[Required action]: Only the lines from the one that contains "Easy DIY Valentine s Day Gifts for Boyfriend" through the last line of the data below should be duplicated, exactly and without pictures.

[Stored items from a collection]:
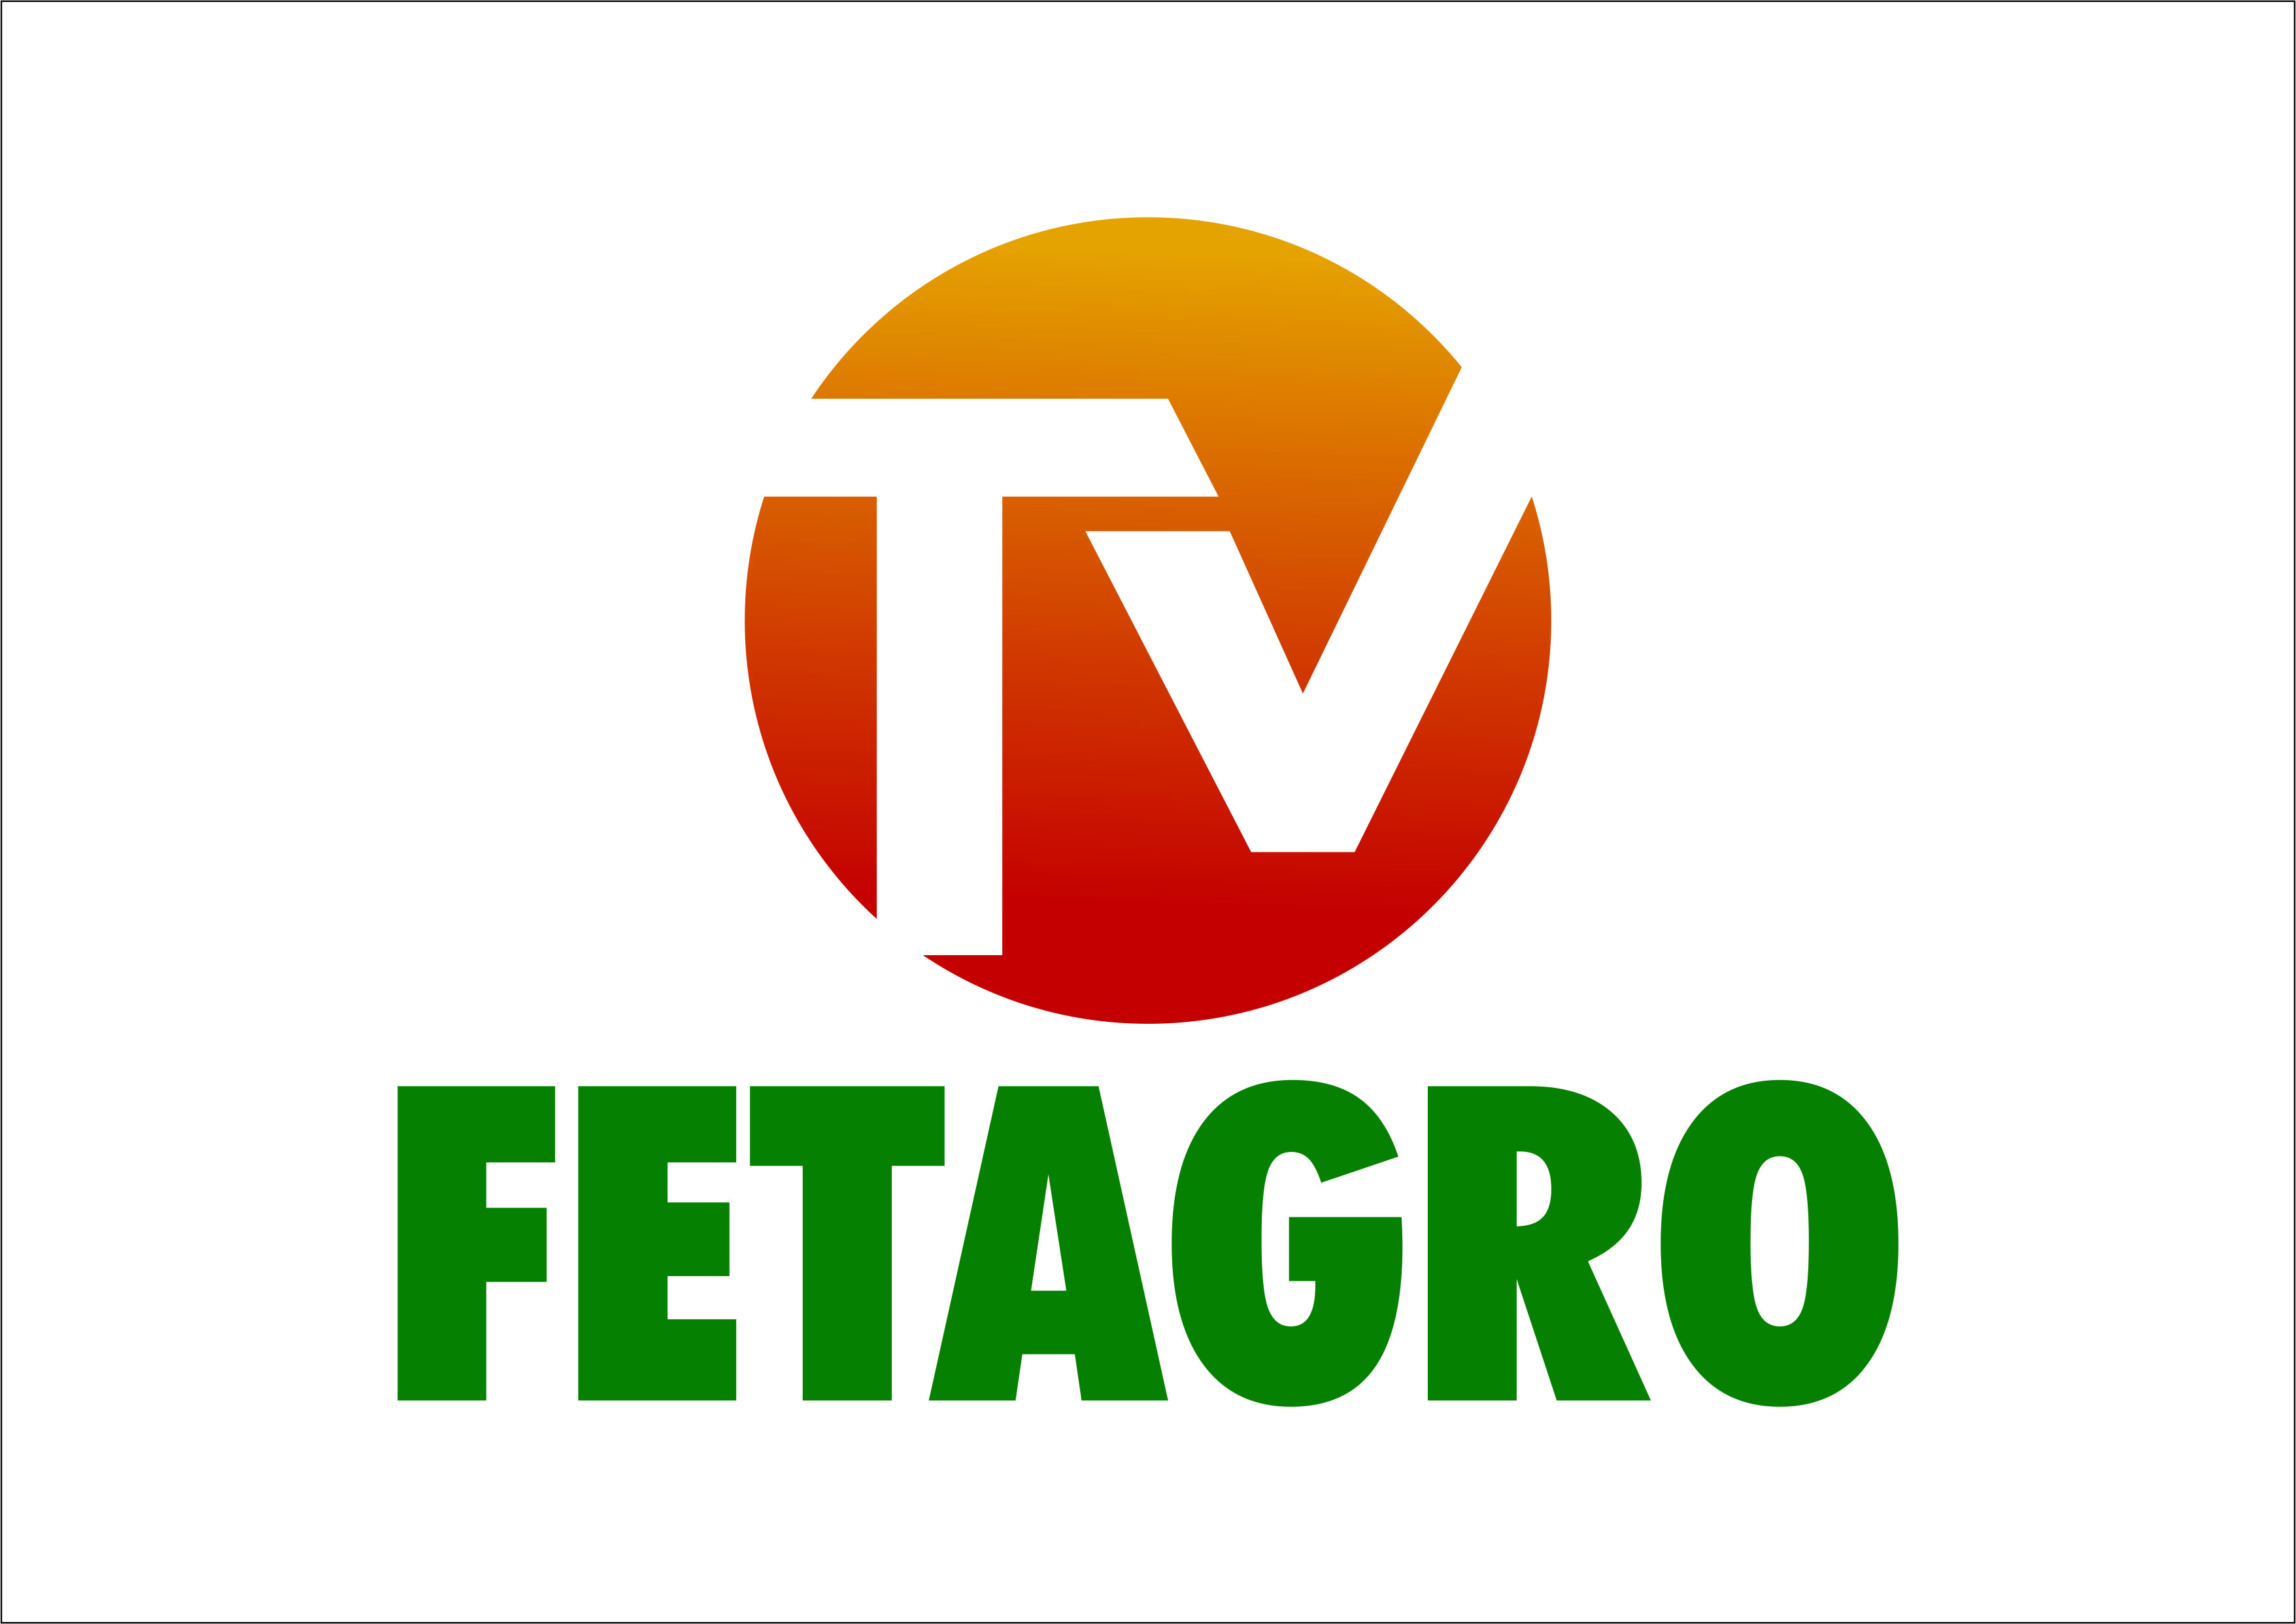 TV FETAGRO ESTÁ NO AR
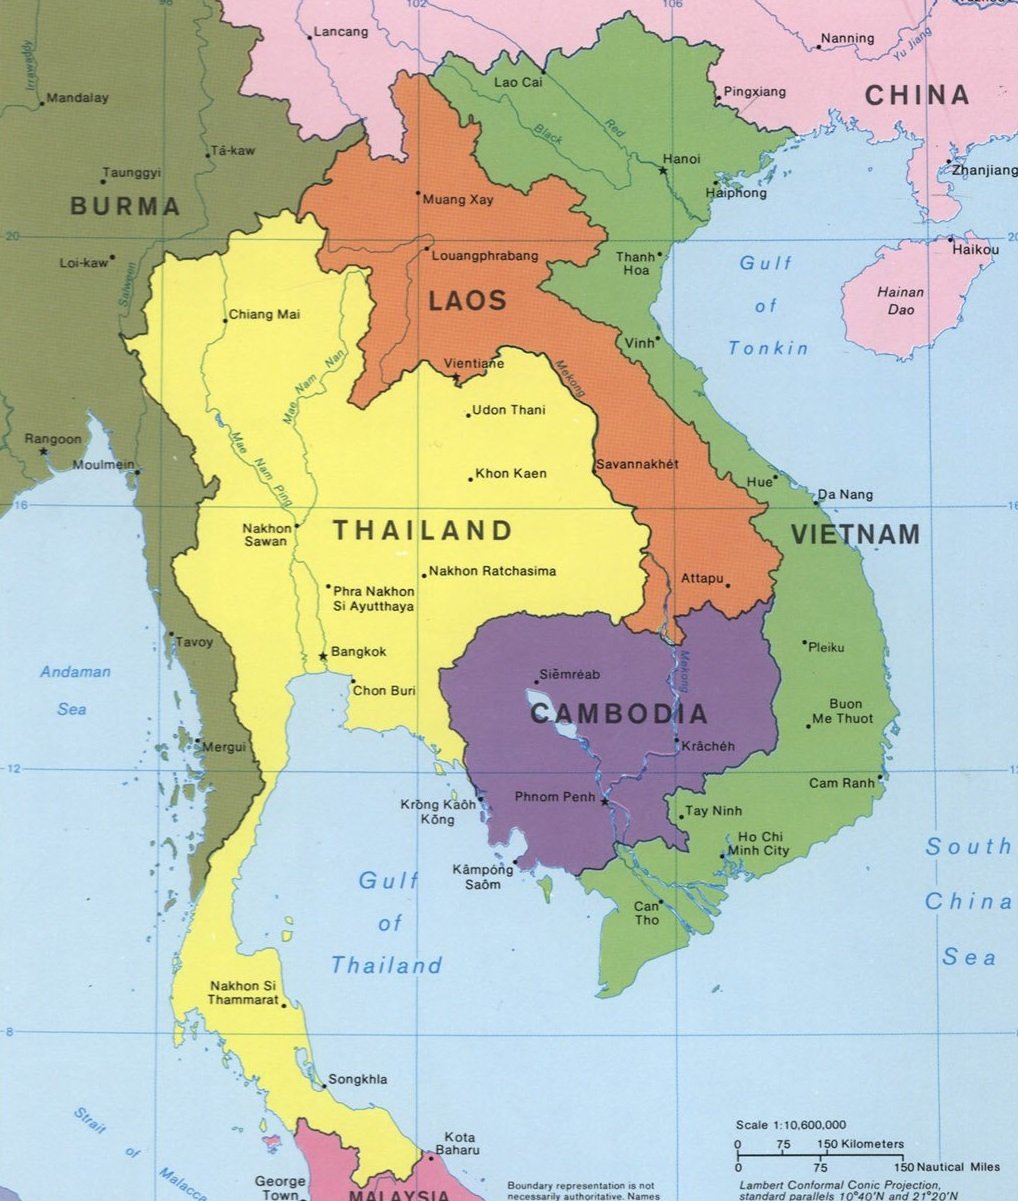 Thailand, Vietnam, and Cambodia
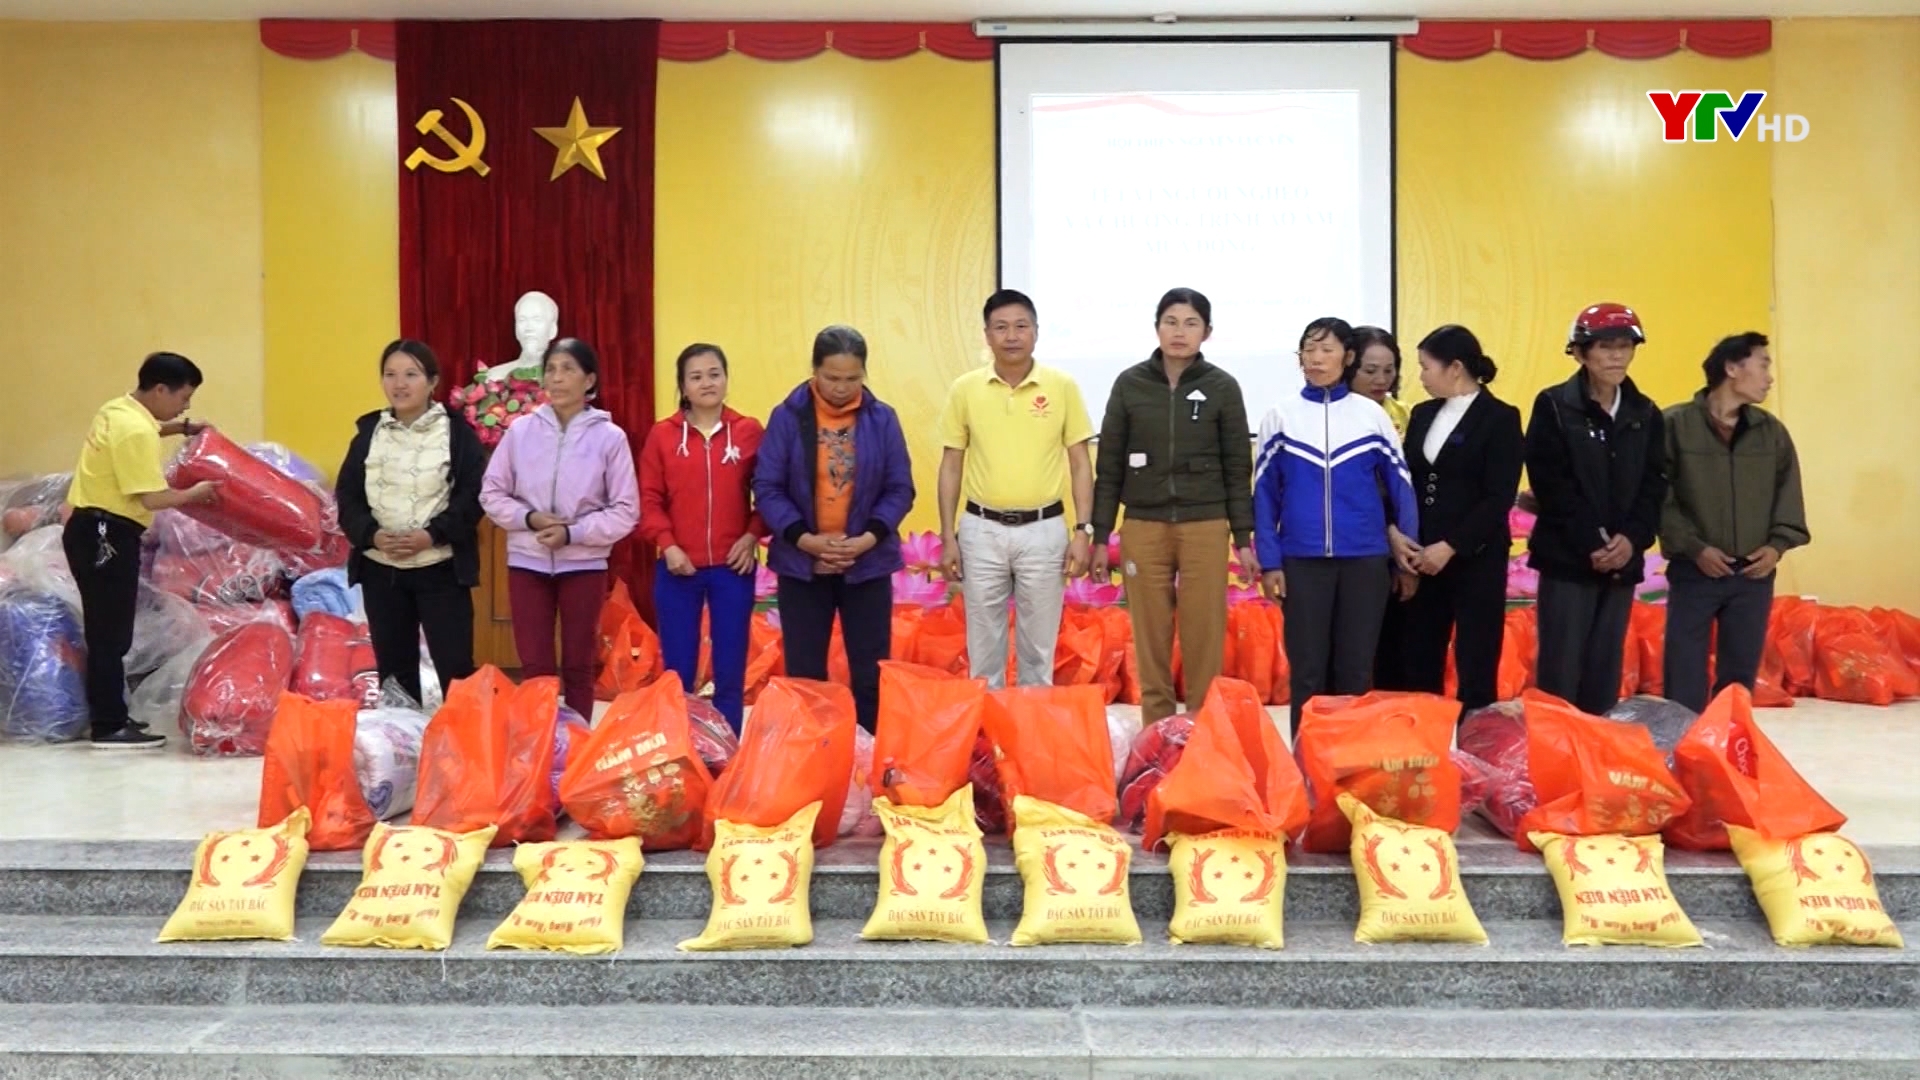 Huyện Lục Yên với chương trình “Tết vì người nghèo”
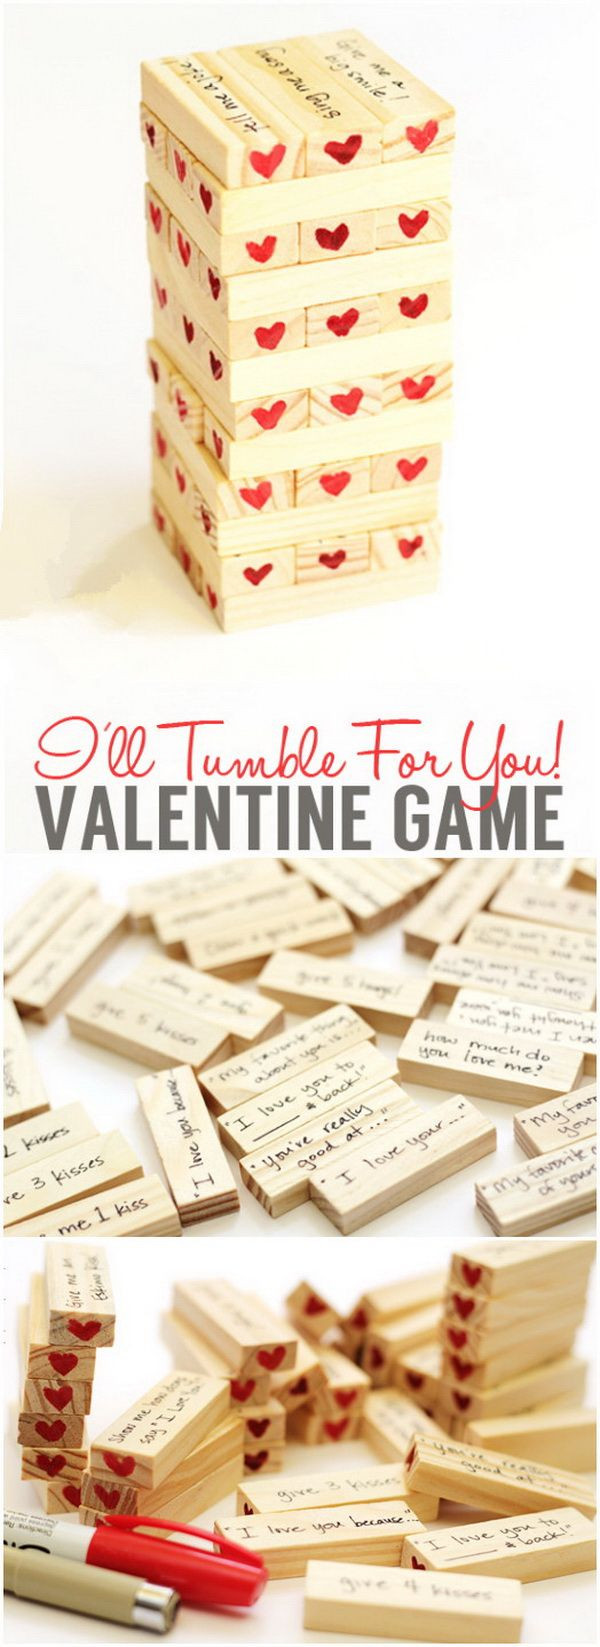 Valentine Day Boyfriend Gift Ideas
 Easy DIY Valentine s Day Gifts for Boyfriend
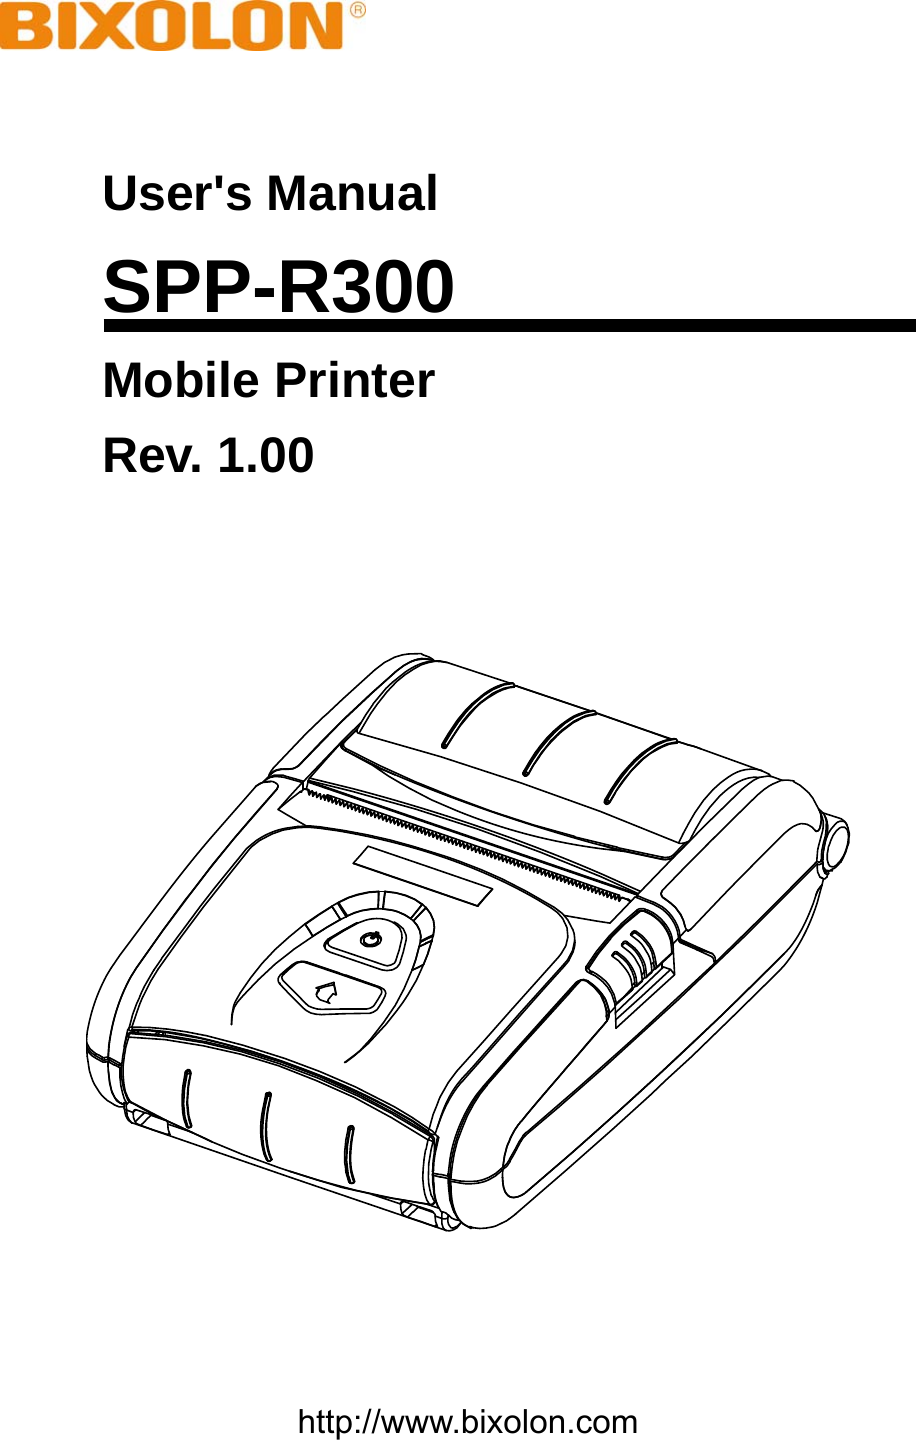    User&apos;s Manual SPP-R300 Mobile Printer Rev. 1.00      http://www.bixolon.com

[Solved problem]:
 Easy DIY Valentine s Day Gifts for Boyfriend
    User&apos;s Manual SPP-R300 Mobile Printer Rev. 1.00      http://www.bixolon.com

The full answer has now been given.